No VAT will be charged on the hammer price, but VAT at 15% will be added to the buyer's premium which is invoiced on a VAT inclusive basis.
Artist's Resale Right ("Droit de Suite"). Artist's Resale Right Regulations 2006 apply to this lot, the buyer agrees to pay us an amount equal to the resale royalty provided for in those Regulations, and we undertake to the buyer to pay such amount to the artist's collection agent.

Lot Essay

Rudolf Stingel's practice is not about painting, with the latter constituting a medium. Nor can it be considered painting for the sake of painting, or self-mocking painting, either. Stingel's art is a celebration of the derma, the surface's skin, where each one of us leaves our mark in the everyday. It is an art born out of the frustration that painting can never be finite, but that it needs to be understood as a process which can never produce 'one', but only infinite numbers of creation that bear testimony to the ideal of painting existing altogether. Accordingly, the curator and critic Francesco Bonami describes Stingel's work as something that can not be seen disconnectedly from its entire oeuvre. A painting, self-sufficiently, is useless, "like a cell of our tissue is useless if taken as an autonomous being. It is in the connection between each cell or in between each painting that meaning can be produced" (F. Bonami, (ed.), "Painting of Paintings for Paintings", in Rudolf Stingel, exh. cat., Chicago Museum of Contemporary Art, 2007, p. 16).

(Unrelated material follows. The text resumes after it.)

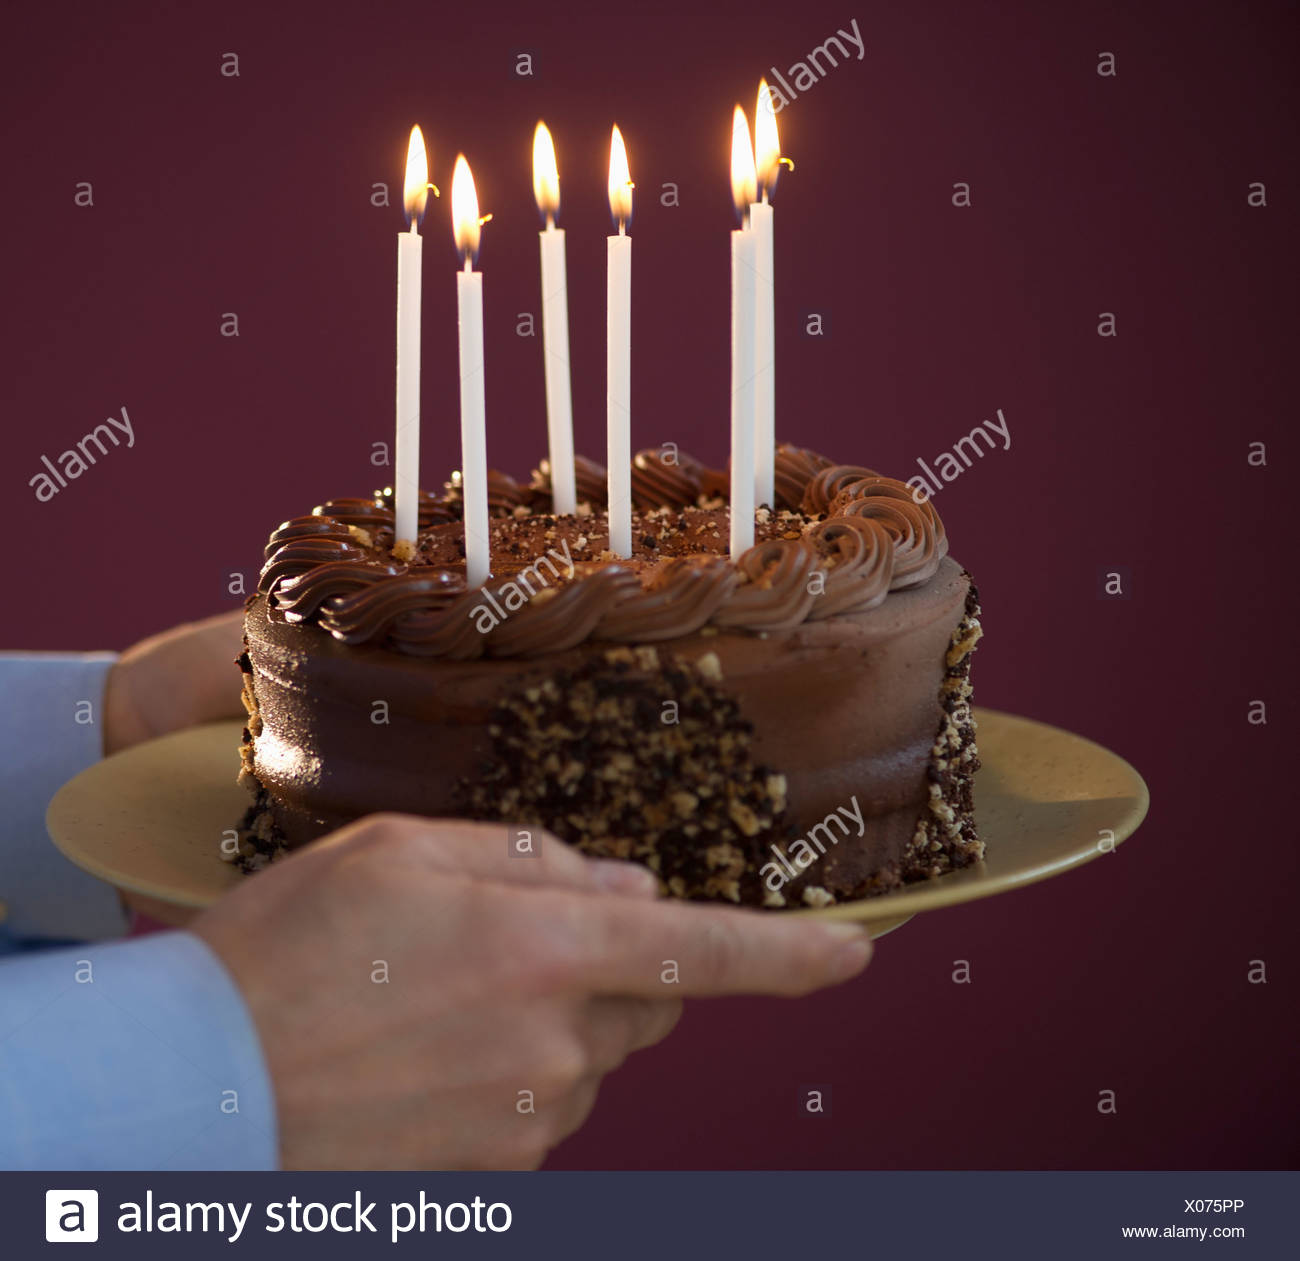 Incredible Studio Shot Of Man Holding Chocolate Birthday Cake Stock Photo Birthday Cards Printable Trancafe Filternl
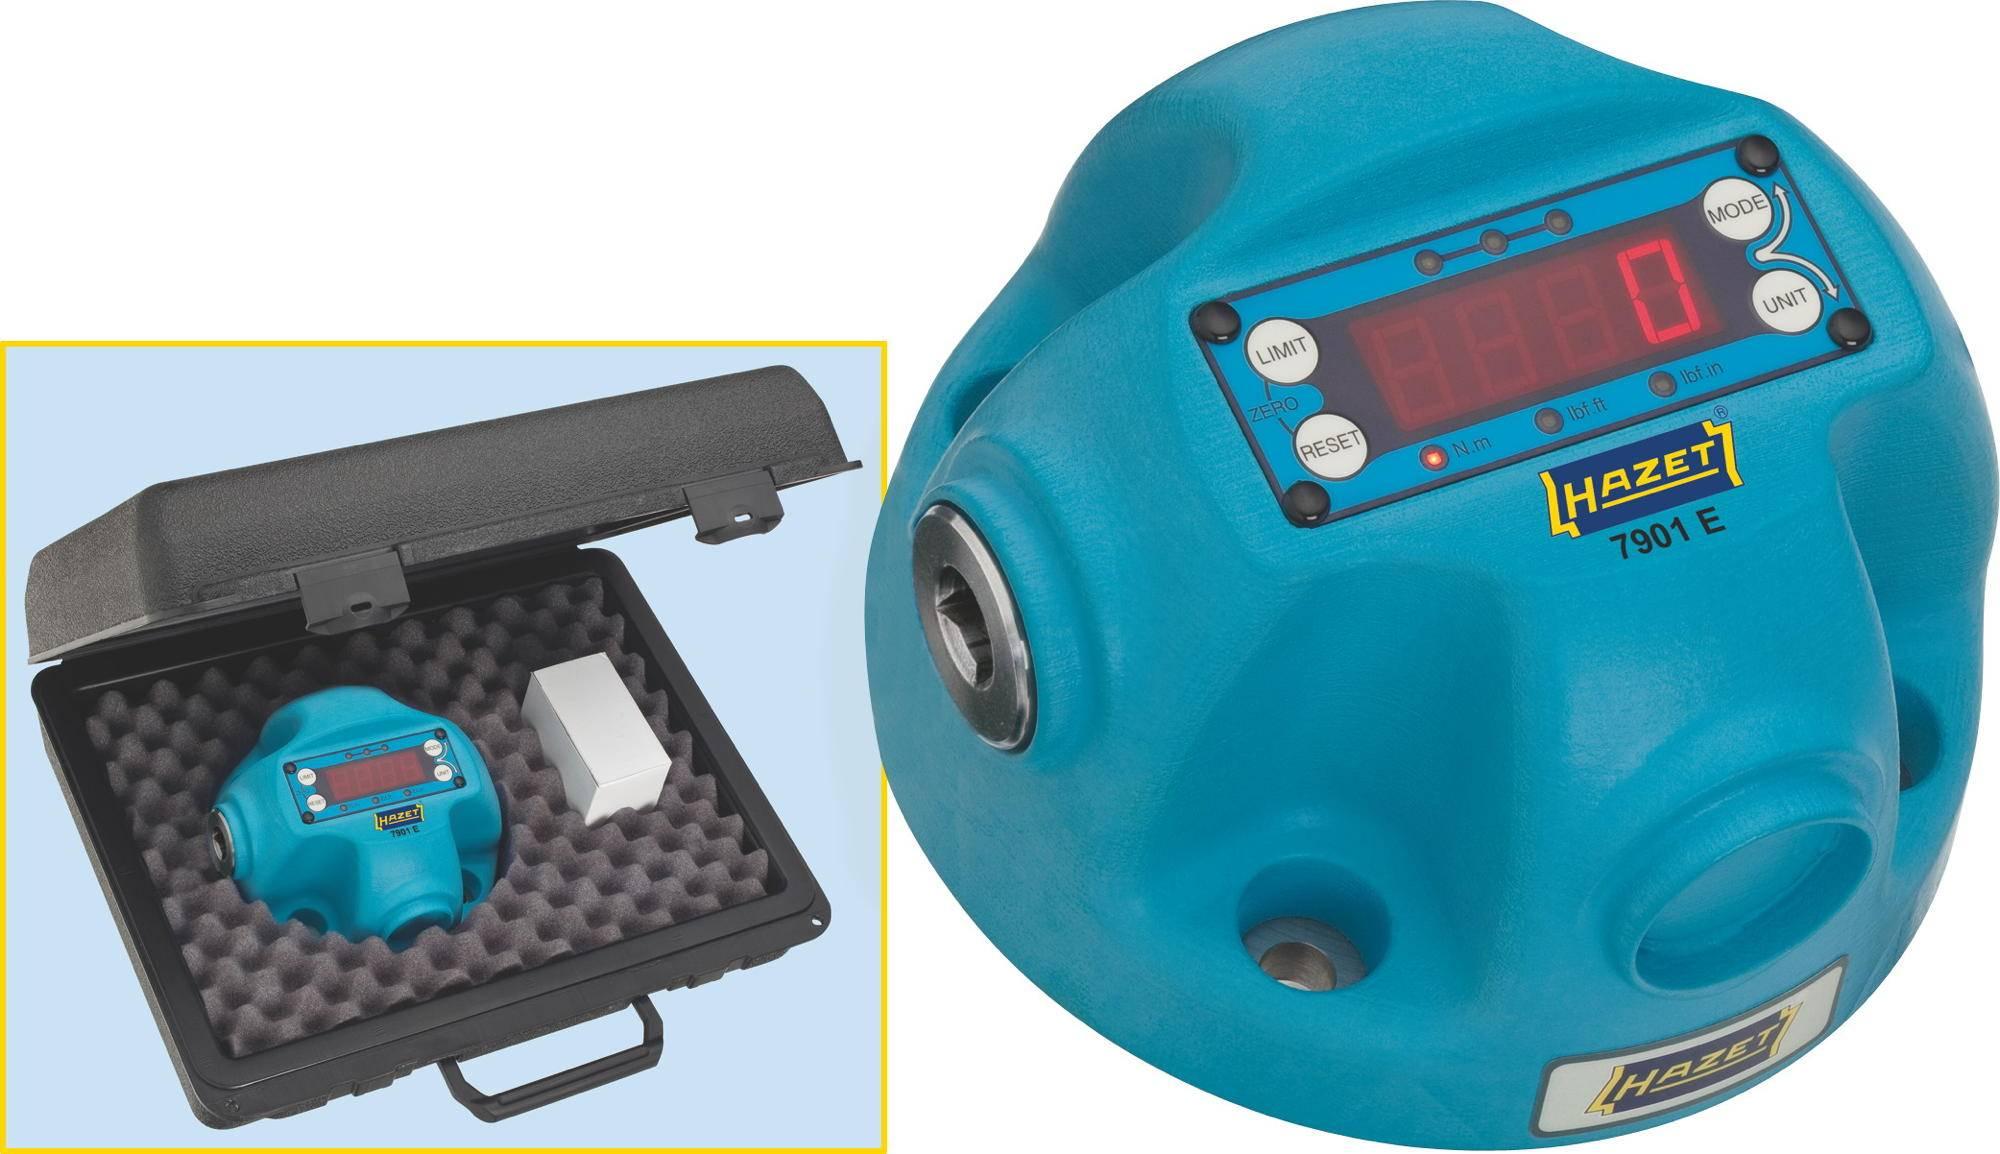 Digitální tester točivého momentu Hazet, 7901E, 10 - 350 Nm

In order to realise this ideology, Stingel has explored various means of expanding and critiquing the category of painting over the past twenty years. In his installations, he has created silver celotex walls that invite the viewer to scrawl over the surface, indirectly 'completing' the artist's work. In other instances, he transforms shag carpets into grand echoes of colour field paintings. He challenges the process of creating a painting and questions the concept of the canvas and that of authorship. One of the earliest examples of this methodology are Stingel's silver paintings, of which Untitled, 1998, is an example. In 1989, the artist published a small booklet that contained step-by-step instructions on how to produce the former. Bonami points out that the idea of instructions "were tricking you into learning how to do a painting for someone else", and were therewith supporting Stingel's methodology (ibid., 2007, p. 18).

The works begin with the application of a thick layer of paint in a particular colour, in the case of the present example silver enamel, to the canvas. Pieces of gauze are then placed over the surface of the canvas and silver paint is added using a spray gun. Finally, the gauze is removed, resulting in a richly textured surface. When seen in conjunction with the DIY manual, the Warholian nature of Stingel's work is difficult to refute: technical methods of factory like production, which are openly communicated and question authorship, contrast the provoked coincidences that result in individual monotypes. Particularly, a parallel to Warhol's so-called Piss Paintings comes to mind: both artists test the methods of what can be considered painting, while simultaneously emphasising the carnality of the practice by combining coincidence and will in a process solely focused on the canvas's skin. With Stingel's works, the aggravation of the derma creates the rapture.